Average comments-to-views ratio, shown as a multiple of the archive average. '2.3×' means this channel generates 2.3 times the comments relative to views compared to the typical channel.

Publishing Pace

How frequently the channel publishes, calculated as videos per month. Categorized as daily, weekly, bi-weekly, monthly, or sporadic.

Views per Video

Average views per archived video, shown alongside a comparison to the archive average.

The Channel Universe Map

The scatter plot on each channel page (and on the full universe map) plots every channel in the archive on two dimensions:

  • X-axis: Speaker Credibility — how well-sourced is the channel
  • Y-axis: Intelligence Value — how analytically deep is the content
  • Dot size — reflects subscriber count (larger = more subscribers)

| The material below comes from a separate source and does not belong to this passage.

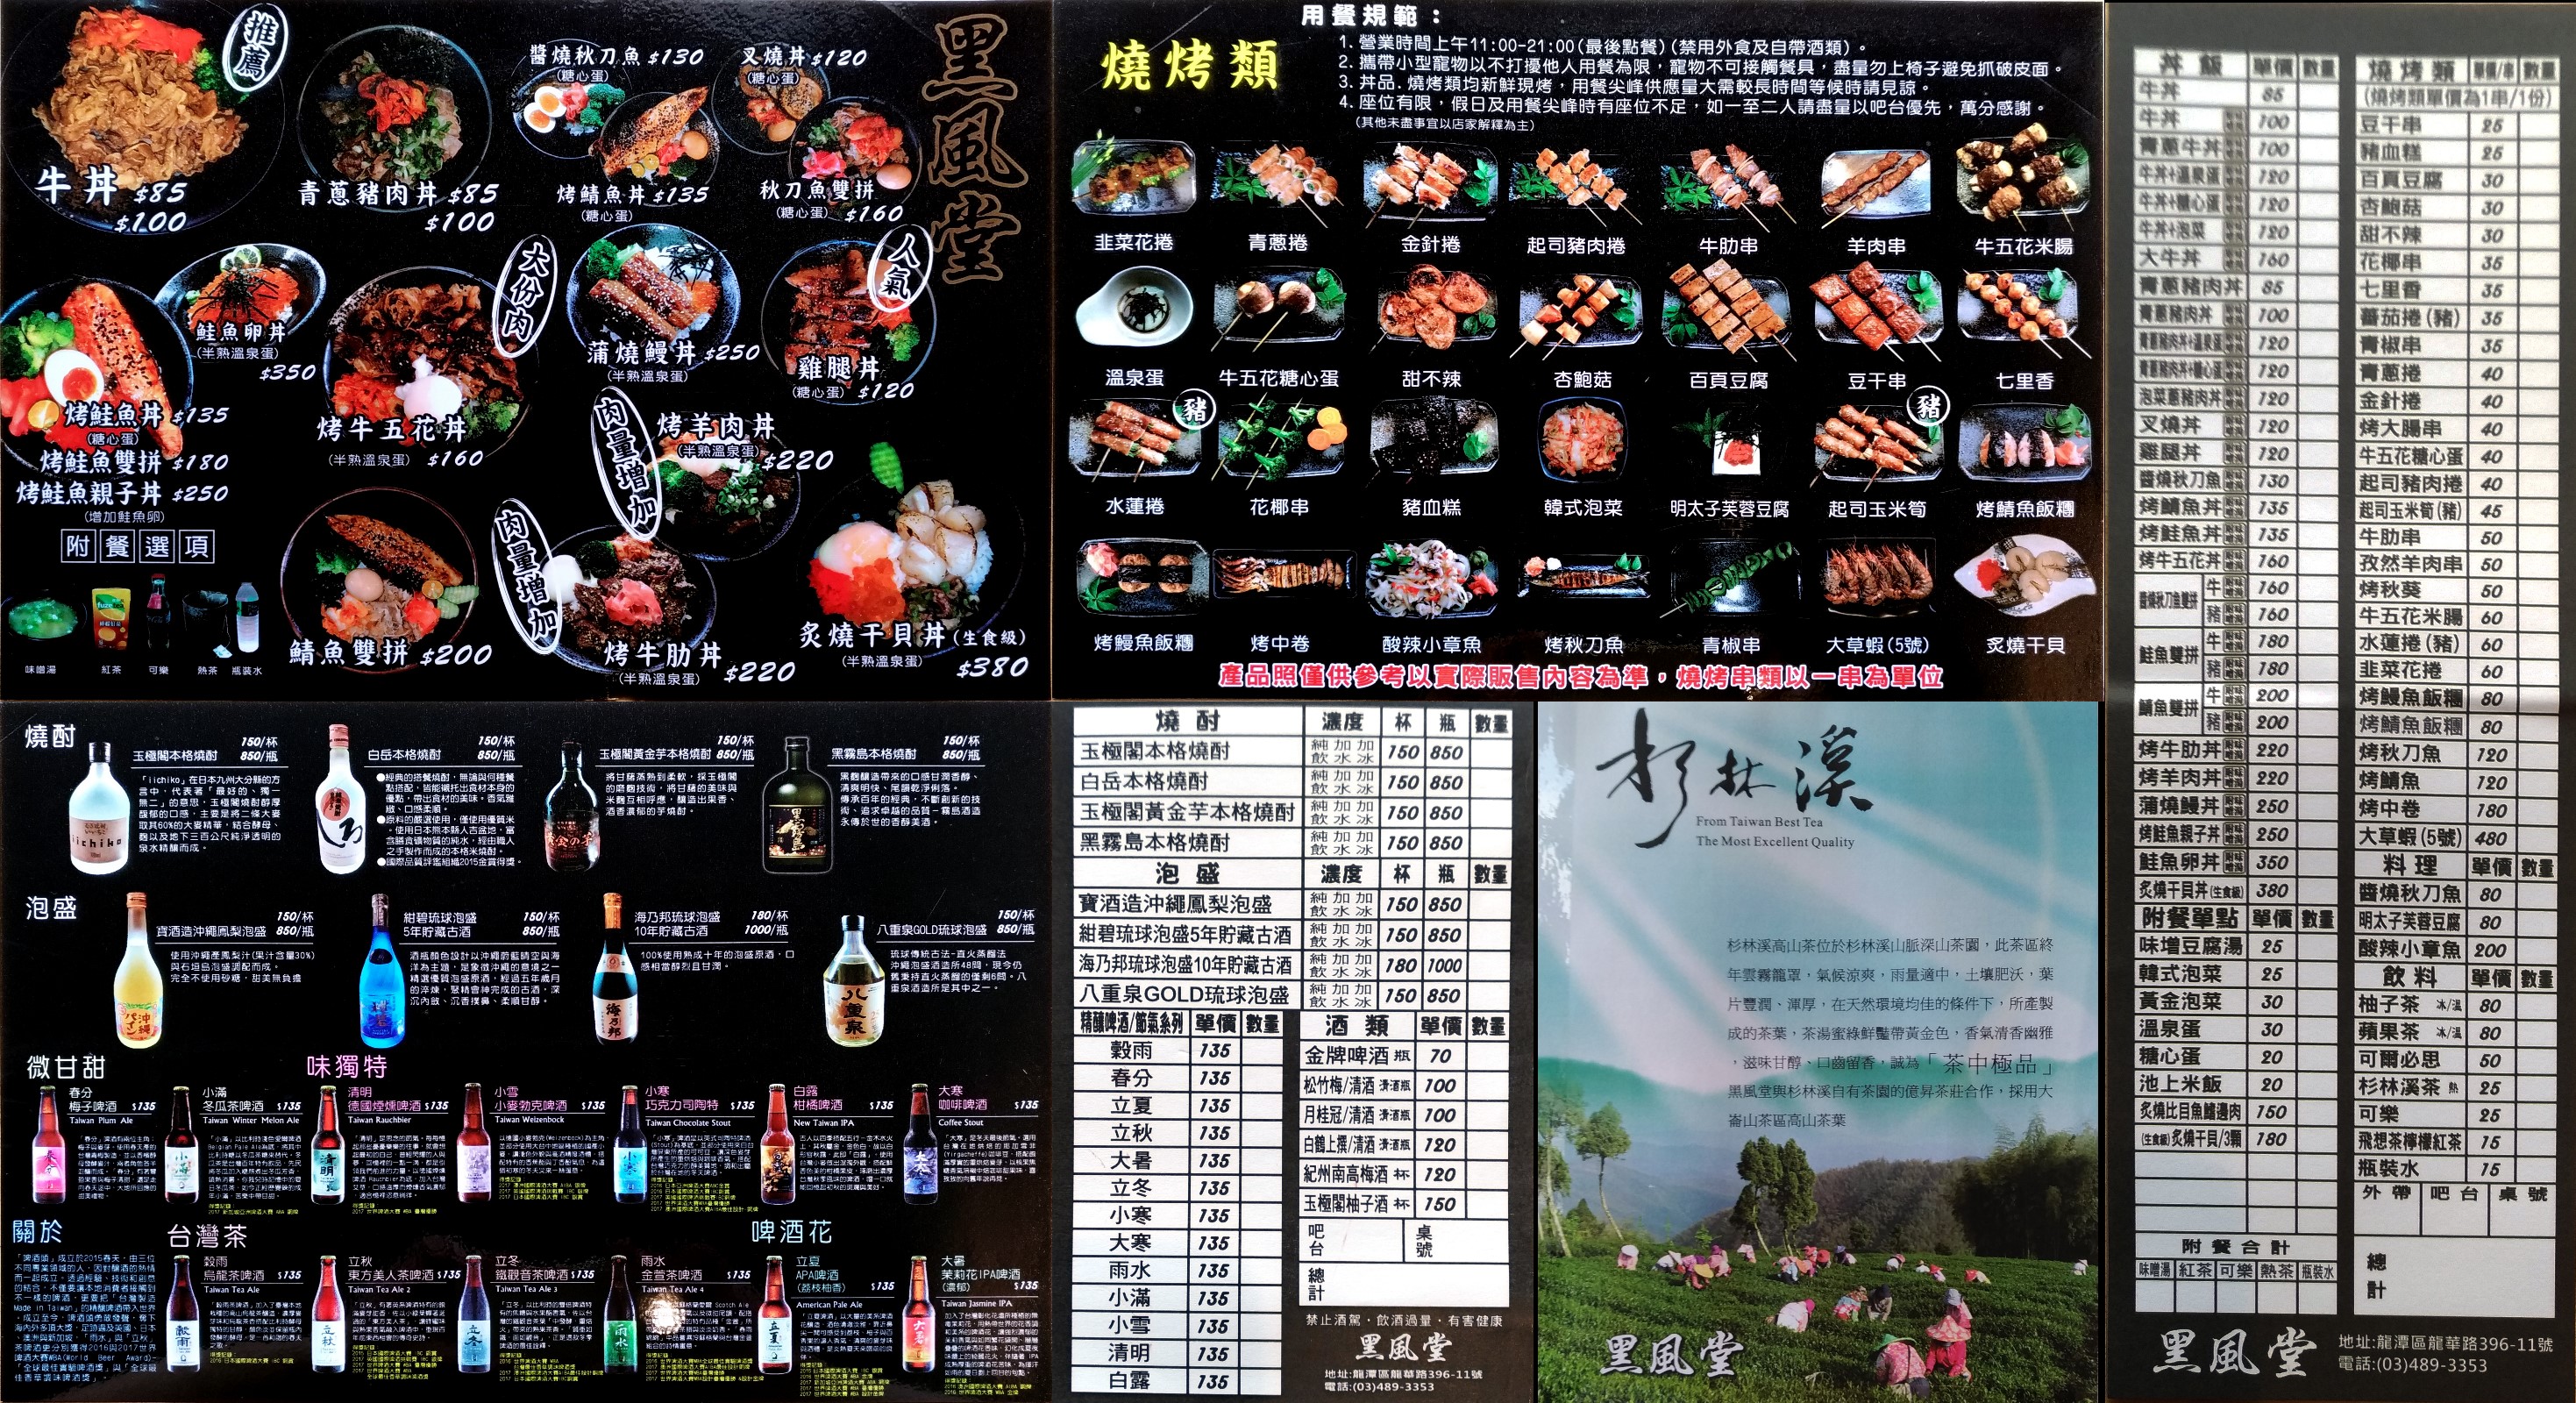 黑風堂 menu 2018.09.19

The map is divided into four quadrants by median lines: The Scholars (high intel, lower sourcing), The Authorities (high intel, high cred), The Explorers (narrative-focused), and The Broadcasters (wide sourcing, accessible format).

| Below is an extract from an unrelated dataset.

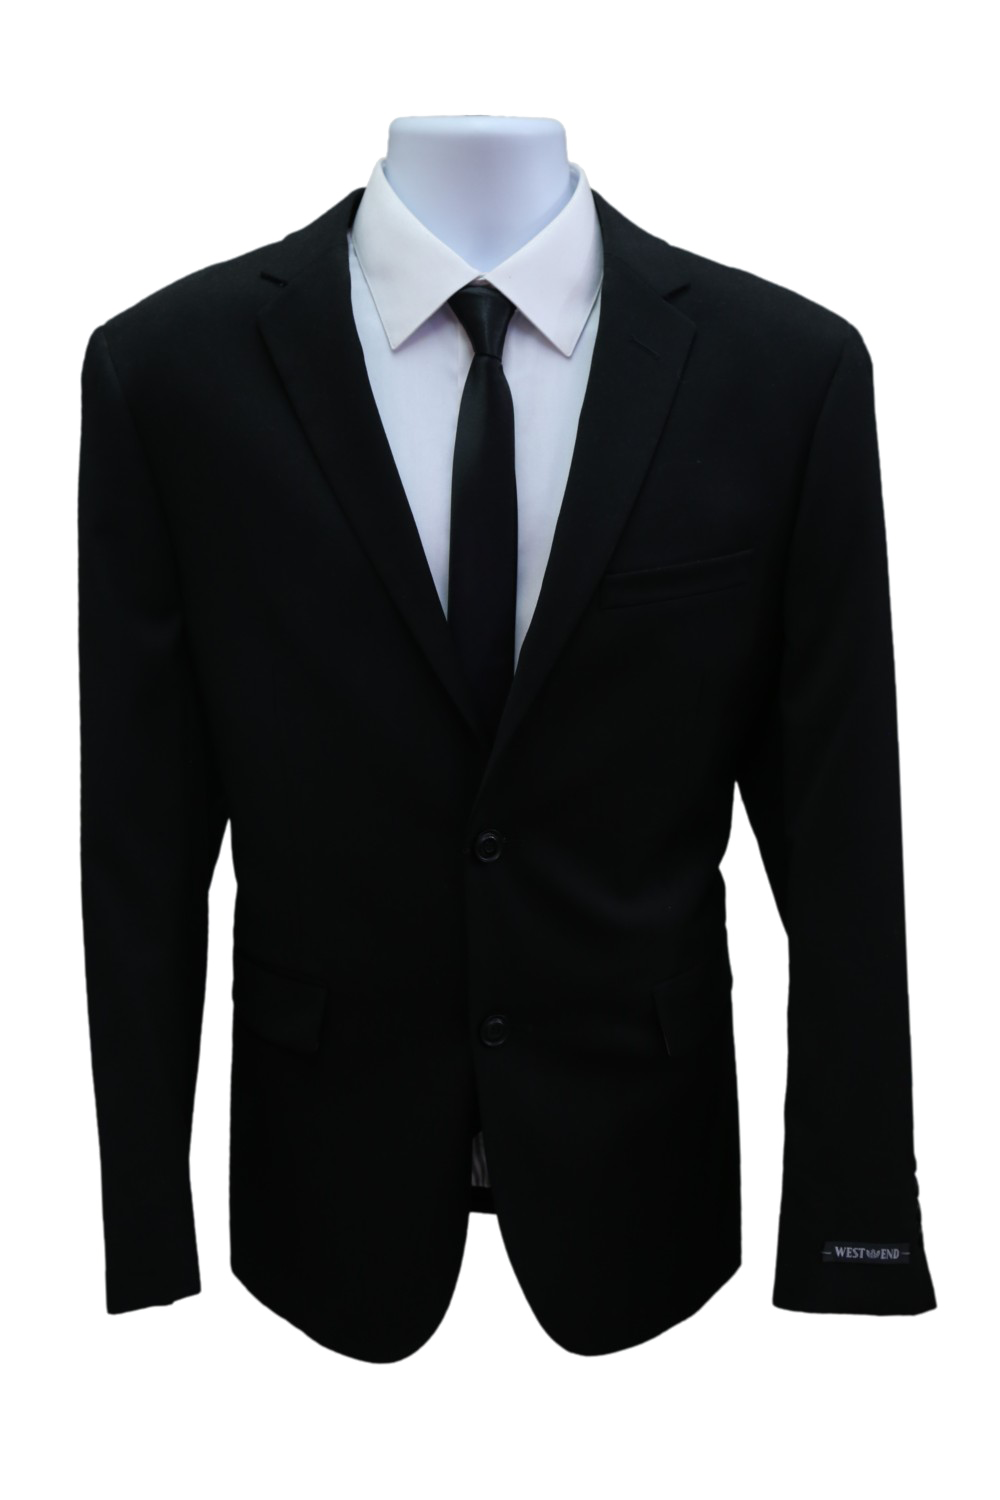 Transparent PVC Suit

Guest Prominence Index (GPI)

The Guest Quality Over Time chart on each channel page tracks the caliber of guests and persons of interest featured on that channel year by year. It uses a composite metric called the Guest Prominence Index (GPI).

How GPI is Calculated

For each year, we identify every person of interest who appeared in the channel's videos that year. Each person contributes two signals:

  • Credibility Score (60% weight) — Each person of interest in our archive has an avg_credibility_score (0–85) computed from the evidence quality and sourcing standards of videos they appear in. This is normalized to a 0–100 scale. When credibility data is available, it receives 60% weight in the GPI calculation.
  • Cross-Archive Mentions (40% weight) — How many total videos across the entire archive mention this person (the total_mentions field). This is normalized using a logarithmic scale to prevent outliers like frequently discussed figures from dominating. Higher mentions indicate a more prominent figure in the UAP discourse. When credibility data is available, this receives 40% weight.

Formula

normalized_cred = (avg_credibility_score / 85) × 100

normalized_mentions = (ln(avg_mentions + 1) / ln(max_mentions + 1)) × 100

GPI = normalized_cred × 0.6 + normalized_mentions × 0.4

(If no credibility data exists for that year's guests: GPI = normalized_mentions)

Rising GPI

The channel is increasingly featuring well-known, credible figures in the UAP field. This often correlates with the channel building legitimacy and industry connections over time.

Declining GPI

The channel may be shifting toward lesser-known guests or new voices. This isn't inherently negative — it could indicate the channel is platforming emerging experiencers not yet widely discussed elsewhere.

Data Sources & Transparency

All scores are computed by our AI analysis pipeline. Each video in the archive is analyzed for content type, entities mentioned, encounter details, evidence quality, and more. Channel-level scores are aggregated from individual video analyses.

Scores are refreshed regularly as new videos are added and analyzed. Because these are AI-generated assessments, they should be treated as analytical tools rather than definitive judgments. We continuously refine our analysis methodology.